Aksigorta is an insurance company in Turkey, belonging to Sabancı Holding in partnership with Belgian insurer Ageas, an international insurance company with more than 180 years experience in the sector. Ageas has acquired a 31% stake in Aksigorta, paying USD 220 million for shares previously owned by Sabancı Holding. As a result of this acquisition, Ageas and Sabancı Holding now have equal control of the company.

Area of activity 
Founded in 1960 in the cities of Adana and Istanbul to serve companies within the Sabancı Group, Aksigorta is today one of Turkey's leading insurance companies.

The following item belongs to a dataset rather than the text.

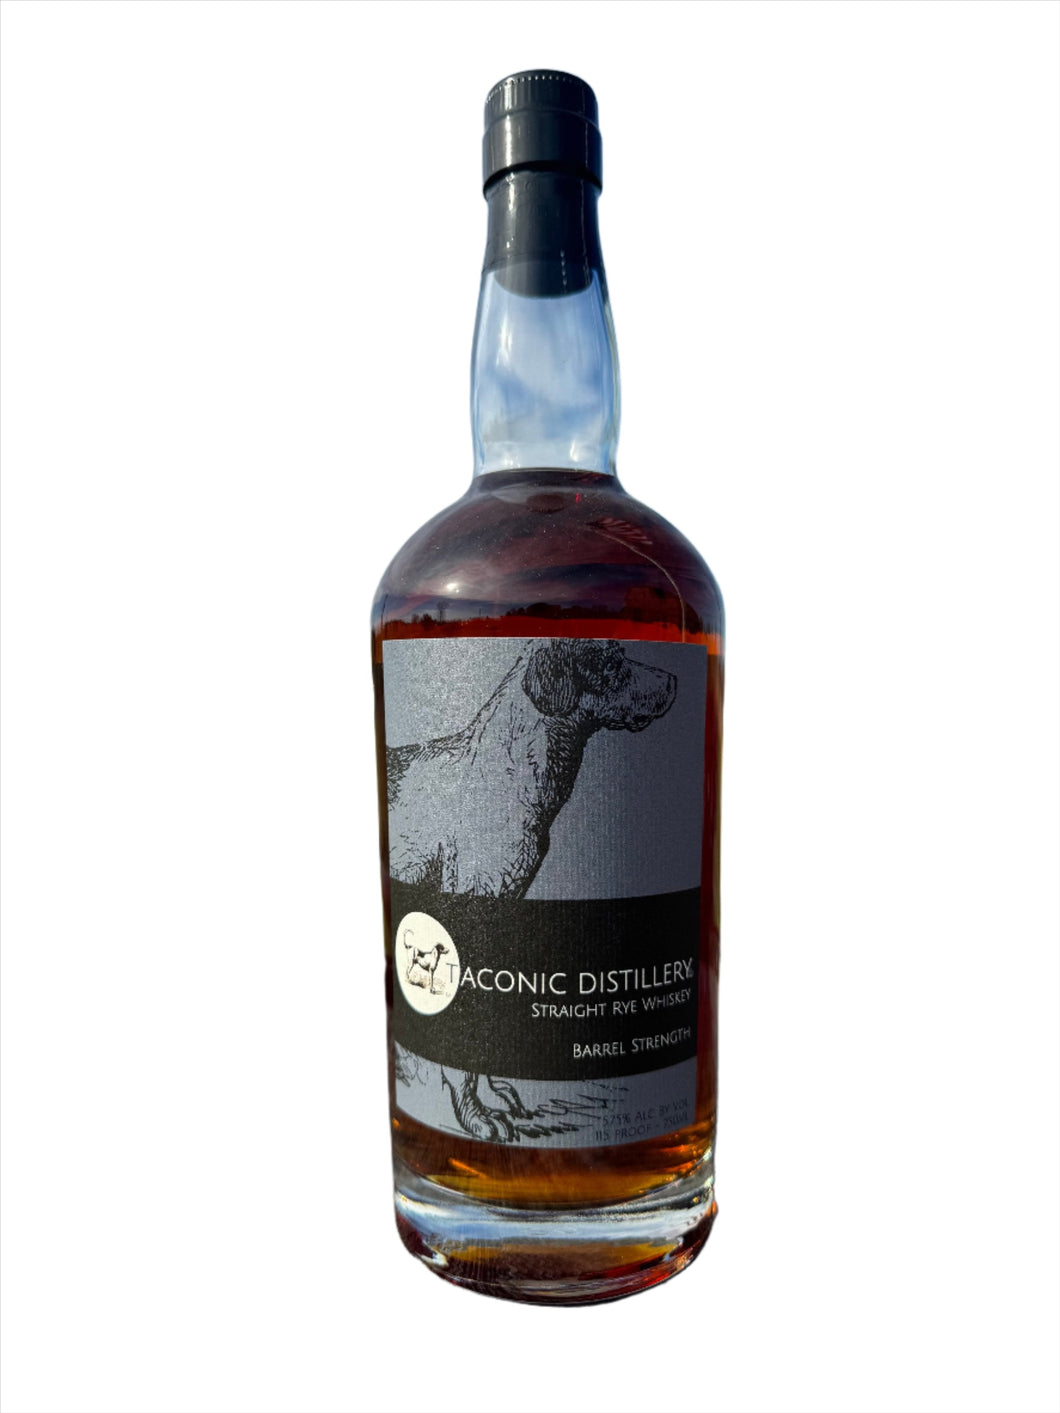 Taconic Distillery Cask Strength Straight Rye Whiskey

Aksigorta operates throughout Turkey with 578 employees, 1,500 independent agencies, 30 brokerage houses, the 900 branches of sister company Akbank, and a network of nearly 4,500 contracted institutions.

Board of directors

Social responsibility

The “Risk And Safety” art project
Aksigorta's second biggest social responsibility project Works based on the ‘Risk and Safety’ theme were exhibited at the Kanyon Shopping Mall, Sabancı Center and the Aksigorta Buildings in Beyoğlu and Fındıklı, followed by a tour of various universities in Anatolia.

“Keep Living, Turkey” 
More than 1 million people were educated on protecting against natural disasters through a variety of seminars and training sessions.

Aksigorta Fire and Earthquake Simulation Center 
Established in 1996 in Istanbul to provide children with training to protect themselves from catastrophes like fire and earthquakes, and to raise their awareness of insurance.